Peter Lobner, 25 March 2021

The first image of the shadow of a black hole was released on 10 April 2019 by the Event Horizon Telescope (EHT) collaboration and the National Science Foundation (NSF).  The target of their observation was the supermassive black hole located near the center of the Messier 87 (M87) galaxy, which is about 55 million light years from Earth.  That black hole is estimated to have a mass 6.5 billion times greater than our Sun.

Non-polarized image of M87 released 10 April 2019.  Source: EHT & NSF

After further analysis of the historic M87 data, EHT astronomers have been able to measure the polarization of the radio frequency signals from the bright disk of the black hole.  Polarization is a signature of the direction of the very strong magnetic fields in the hot glowing gas at the edge of a black hole, which can be seen in the following image released on 24 March 2021.  

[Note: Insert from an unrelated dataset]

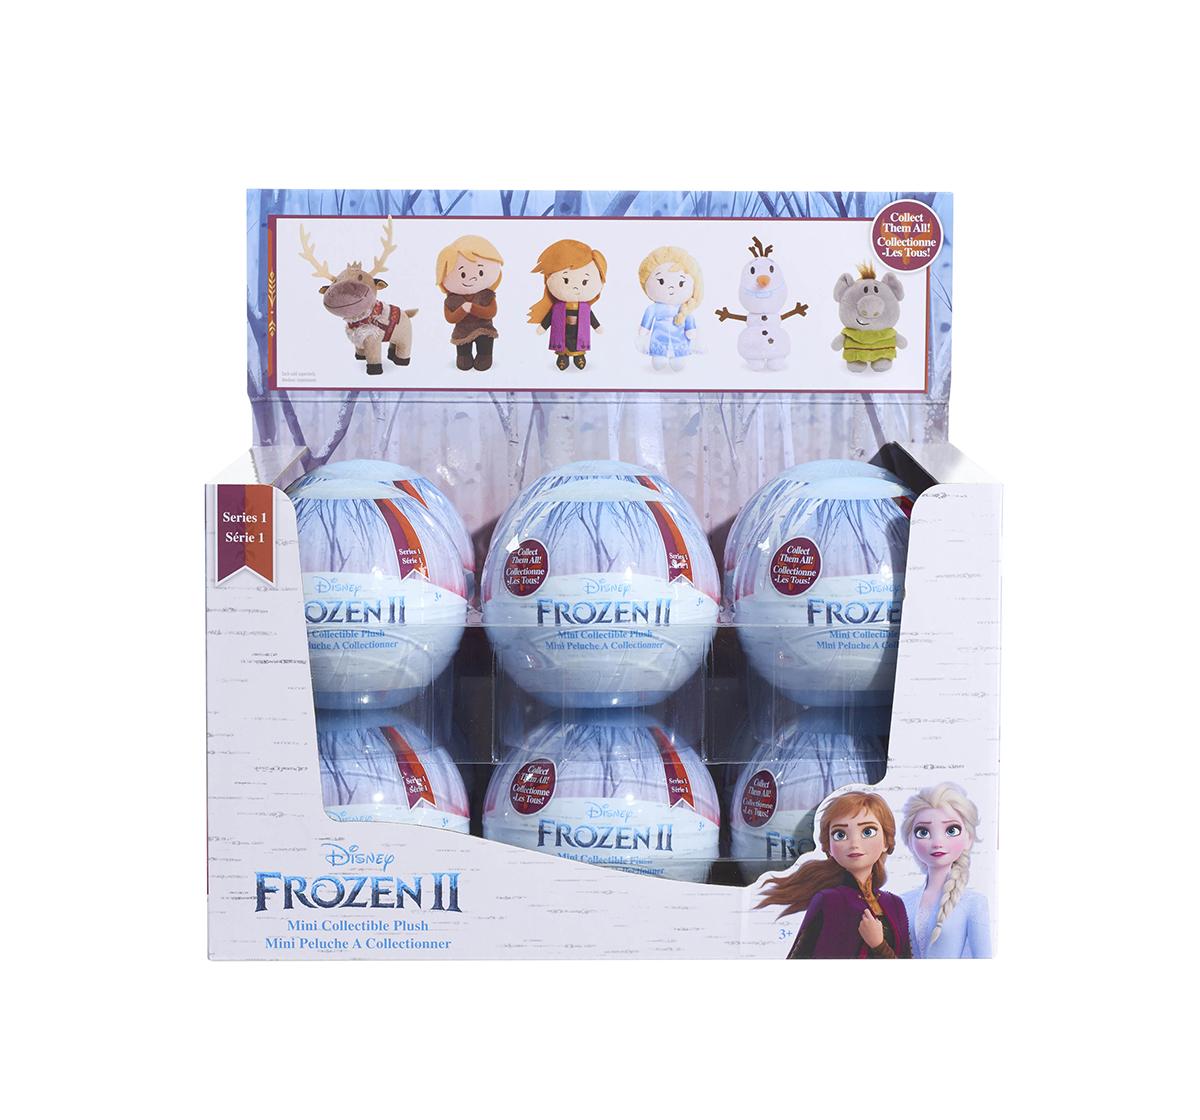 Disney   Disney Frozen2 Mini Capsule Plush Character Soft Toys for Girls age 5Y+ - 10.16 Cm

Polarized image of M87 released 24 March 2021.  Source: EHT 

The ability to measure the polarization in fine detail provides a new tool for mapping the dynamic magnetic field structure of a black hole.  The new image shows the magnetic fields in the swirling accretion disk, which contains matter that is falling into the black hole.  

Researchers also measured polarization that is pointing directly toward or away from the black hole, perpendicular to the accretion disk.  Very strong magnetic fields in these directions may be responsible for launching plasma jets into space, away from the black hole.  Such jets have been observed emanating from some black holes.

These are exciting times in astronomy and astrophysics.